TASK DATA -
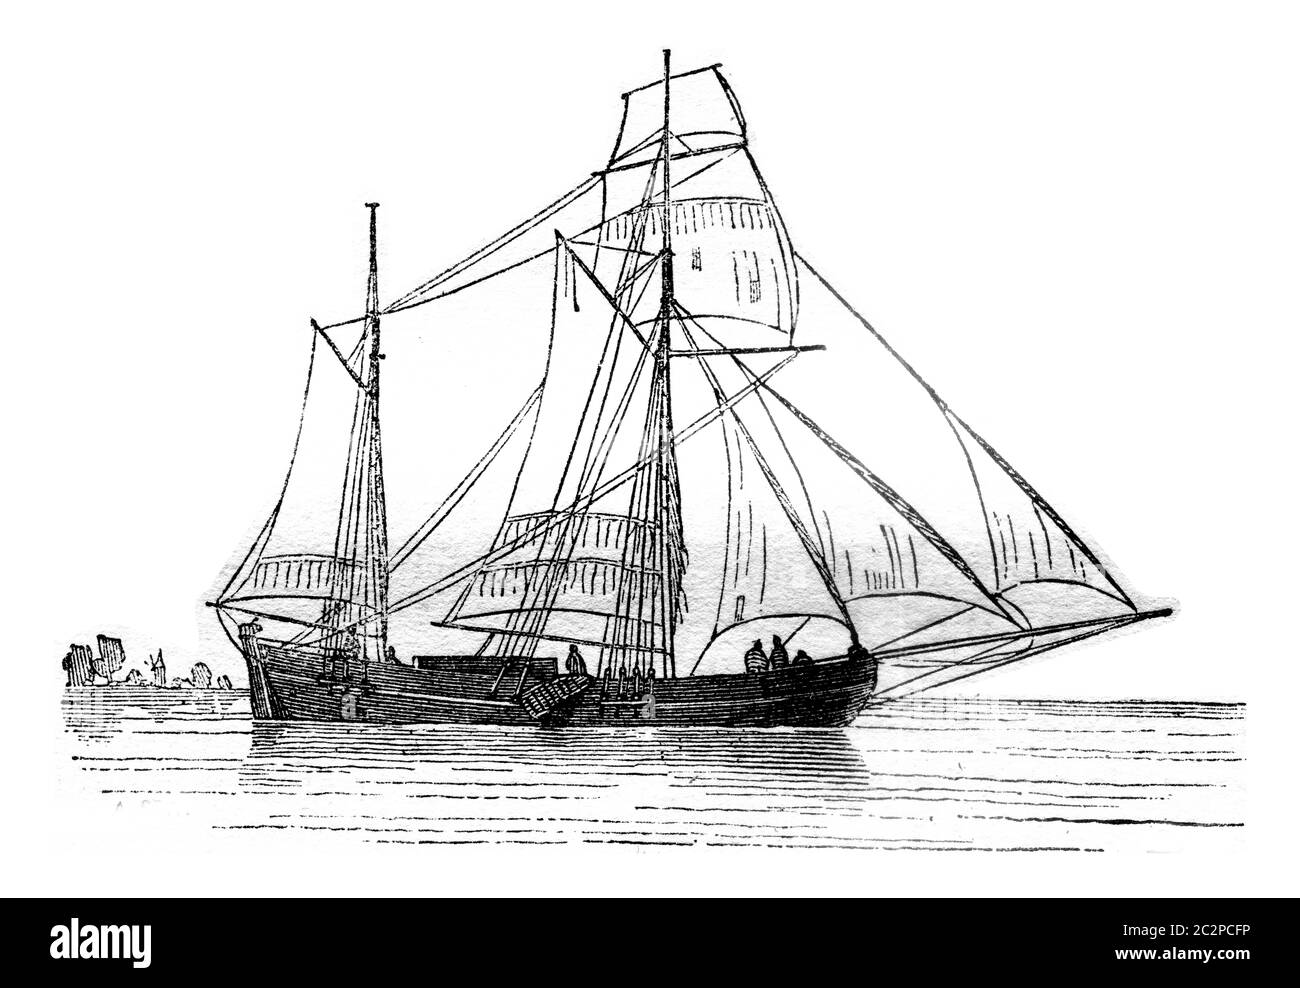 Galiote Holländisch landete, Liegeplätze auf Steuerbord, von der Seite gesehen, Vintage gravierte Illustration. Magasin Pittoresque 1841. Stockfoto
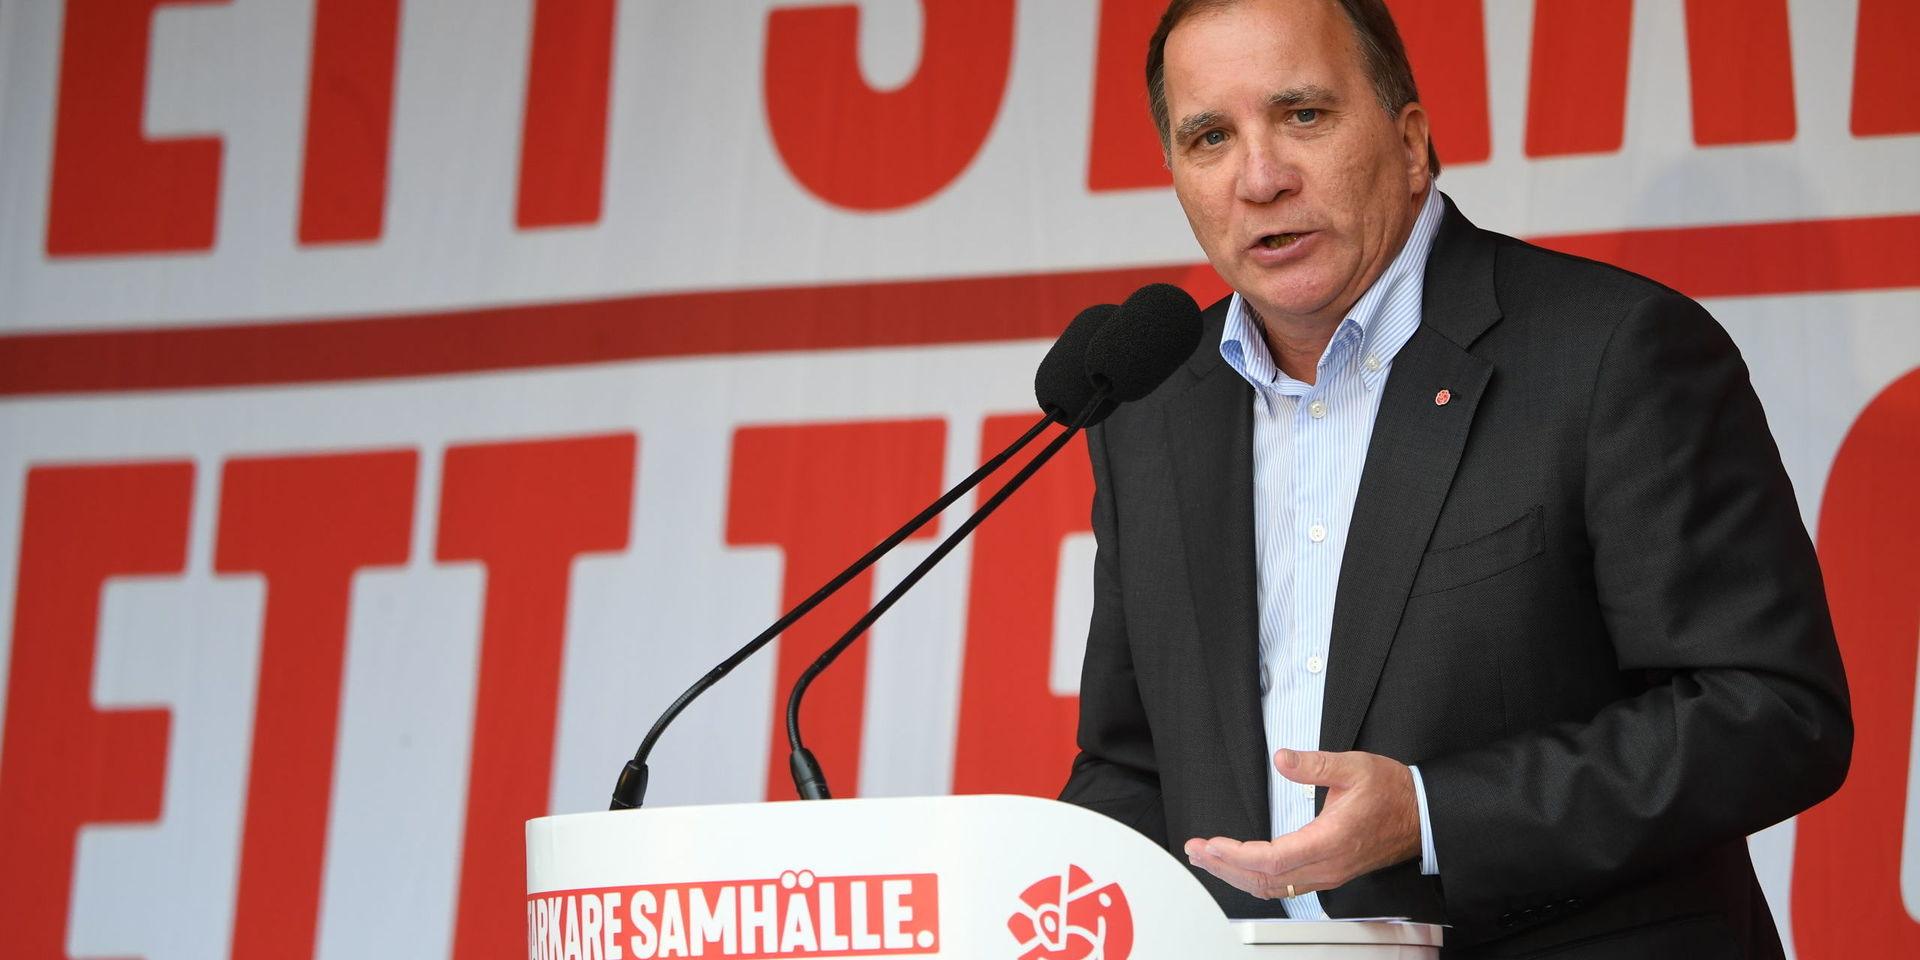 Kommunkrisen. Statsminister Stefan Löfven försöker bevisa att Socialdemokraterna fortfarande kan vara relevanta för väljare på landsbygden och i traditionella industriorter.
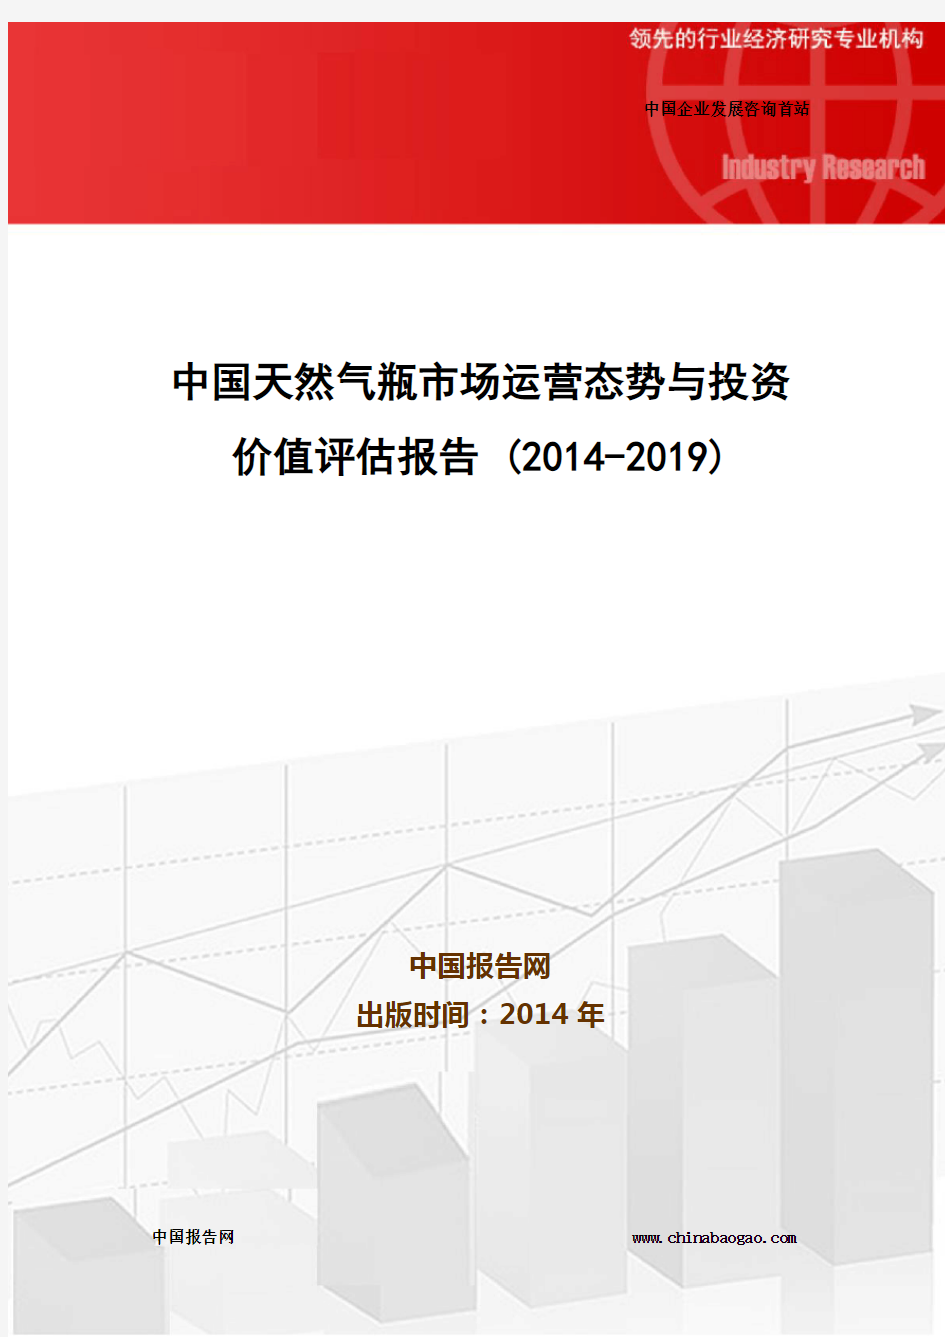 中国天然气瓶市场运营态势与投资价值评估报告 (2014-2019)
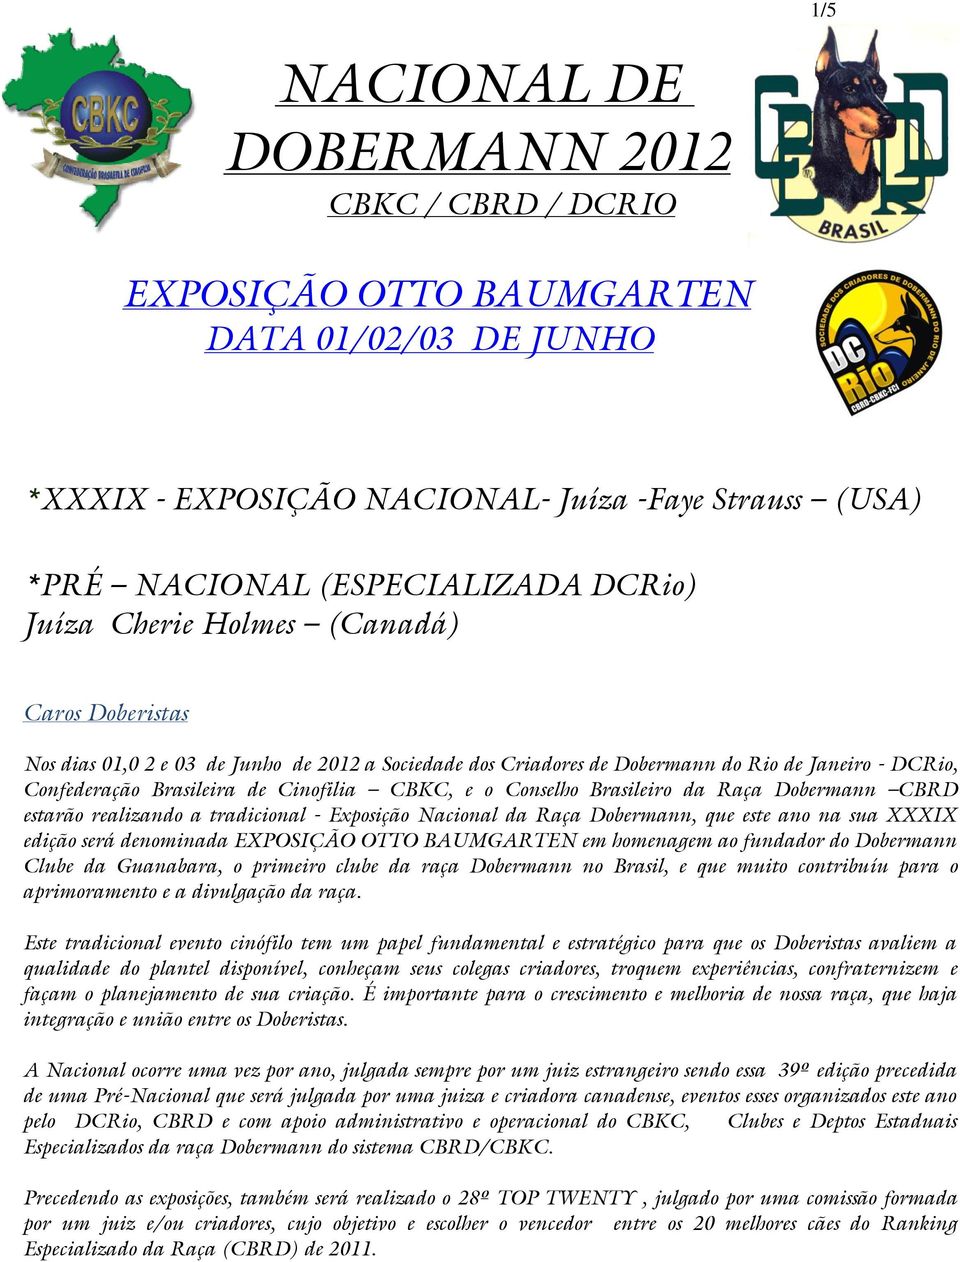 Brasileiro da Raça Dobermann CBRD estarão realizando a tradicional - Exposição Nacional da Raça Dobermann, que este ano na sua XXXIX edição será denominada EXPOSIÇÃO OTTO BAUMGARTEN em homenagem ao
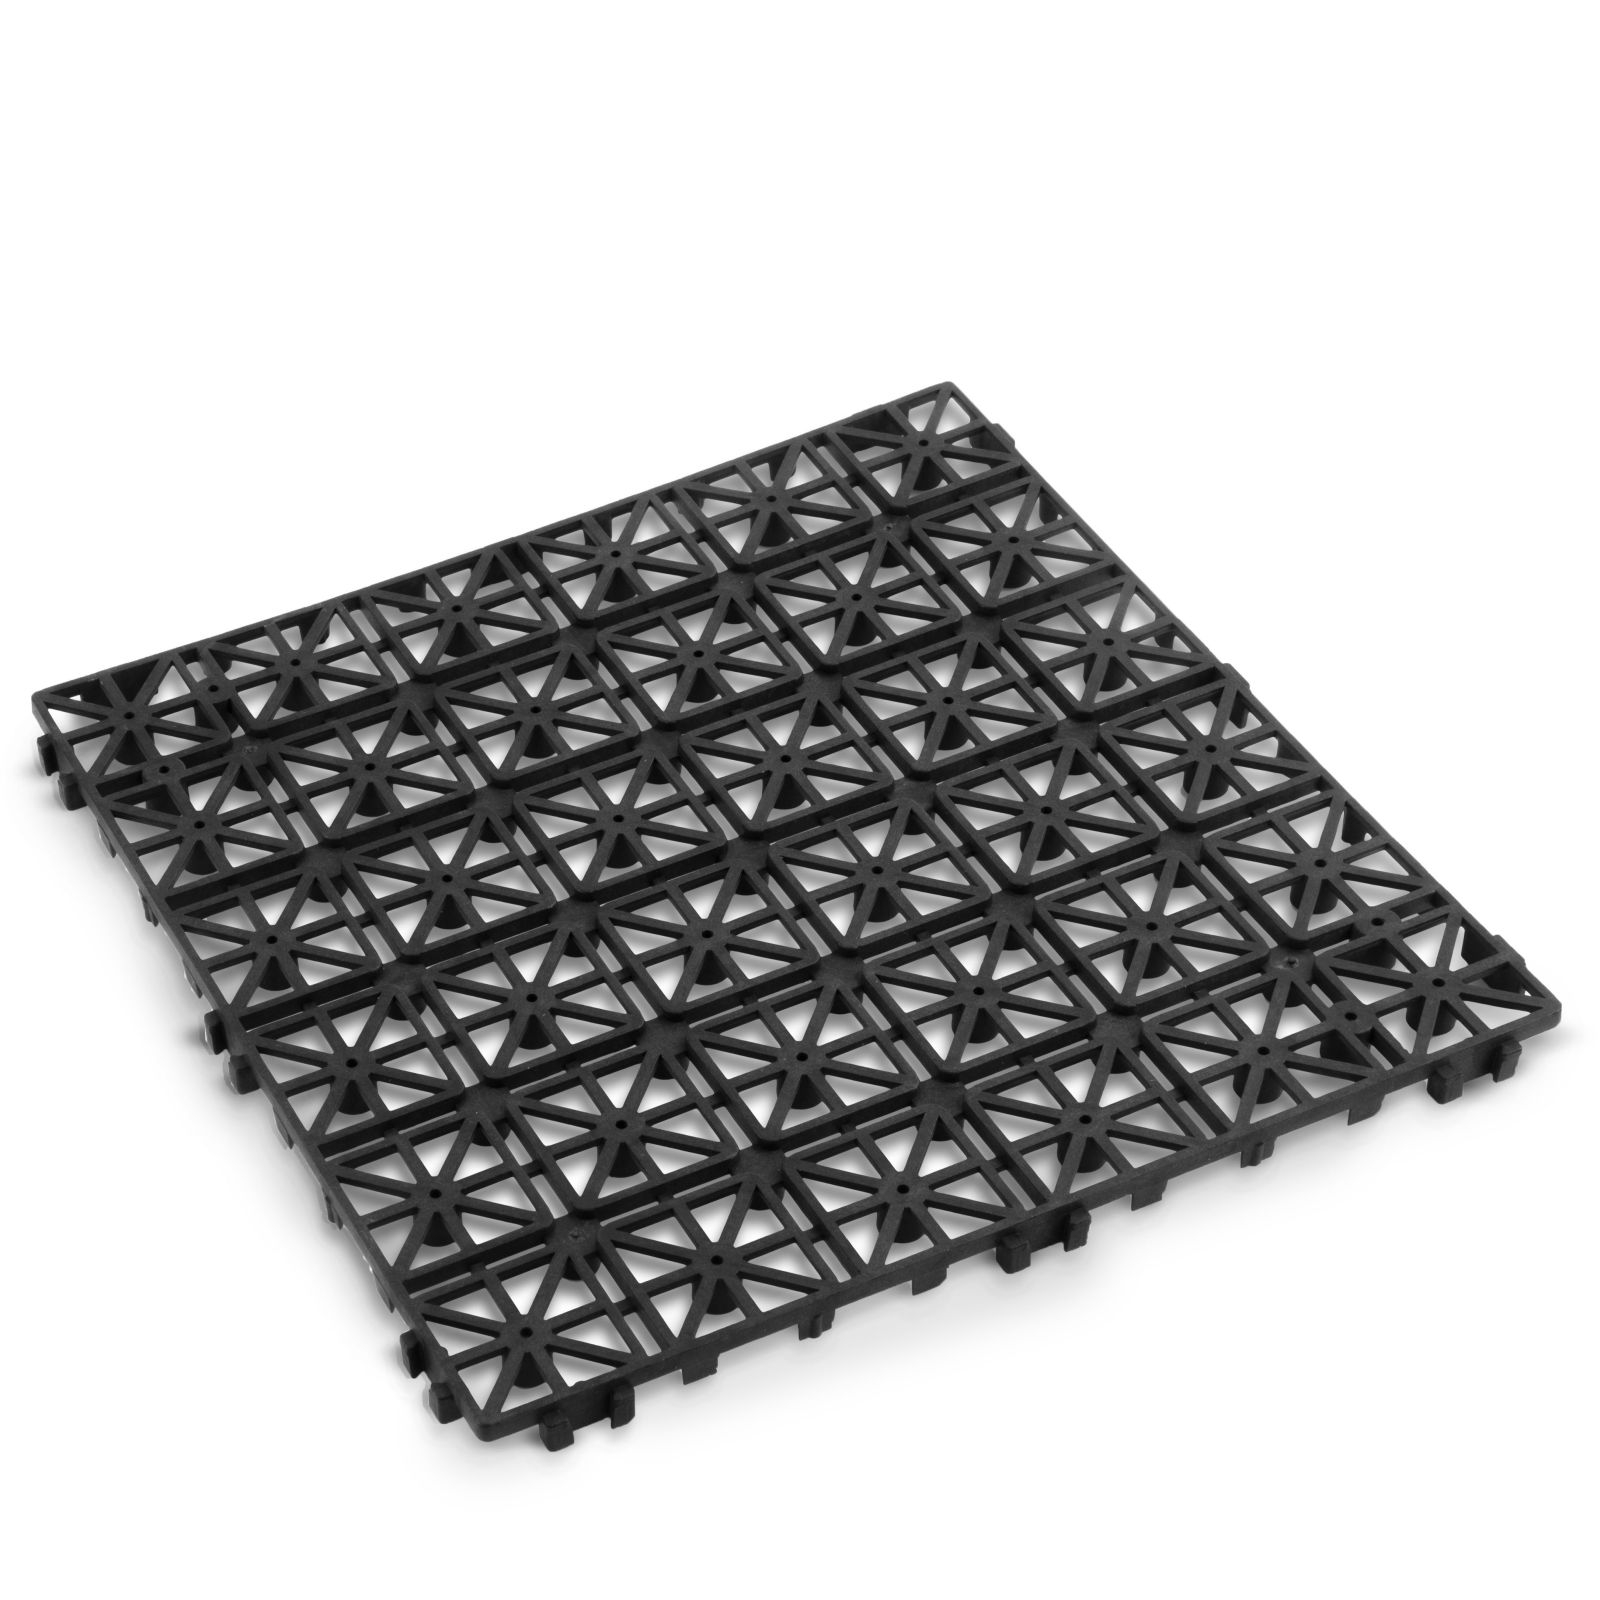 Paviment pentru gradina - plastic - negru - 29 x 29 x 1,5 cm - 4 buc pachet

EXERCISE - Begin the copy at the line containing "Brasileiro da Raça" and end it at the final line of the material above, reproducing each line exactly and omitting pictures.

EXPECTED ANSWER -
 Brasileiro da Raça Dobermann CBRD estarão realizando a tradicional - Exposição Nacional da Raça Dobermann, que este ano na sua XXXIX edição será denominada EXPOSIÇÃO OTTO BAUMGARTEN em homenagem ao
 Paviment pentru gradina - plastic - negru - 29 x 29 x 1,5 cm - 4 buc pachet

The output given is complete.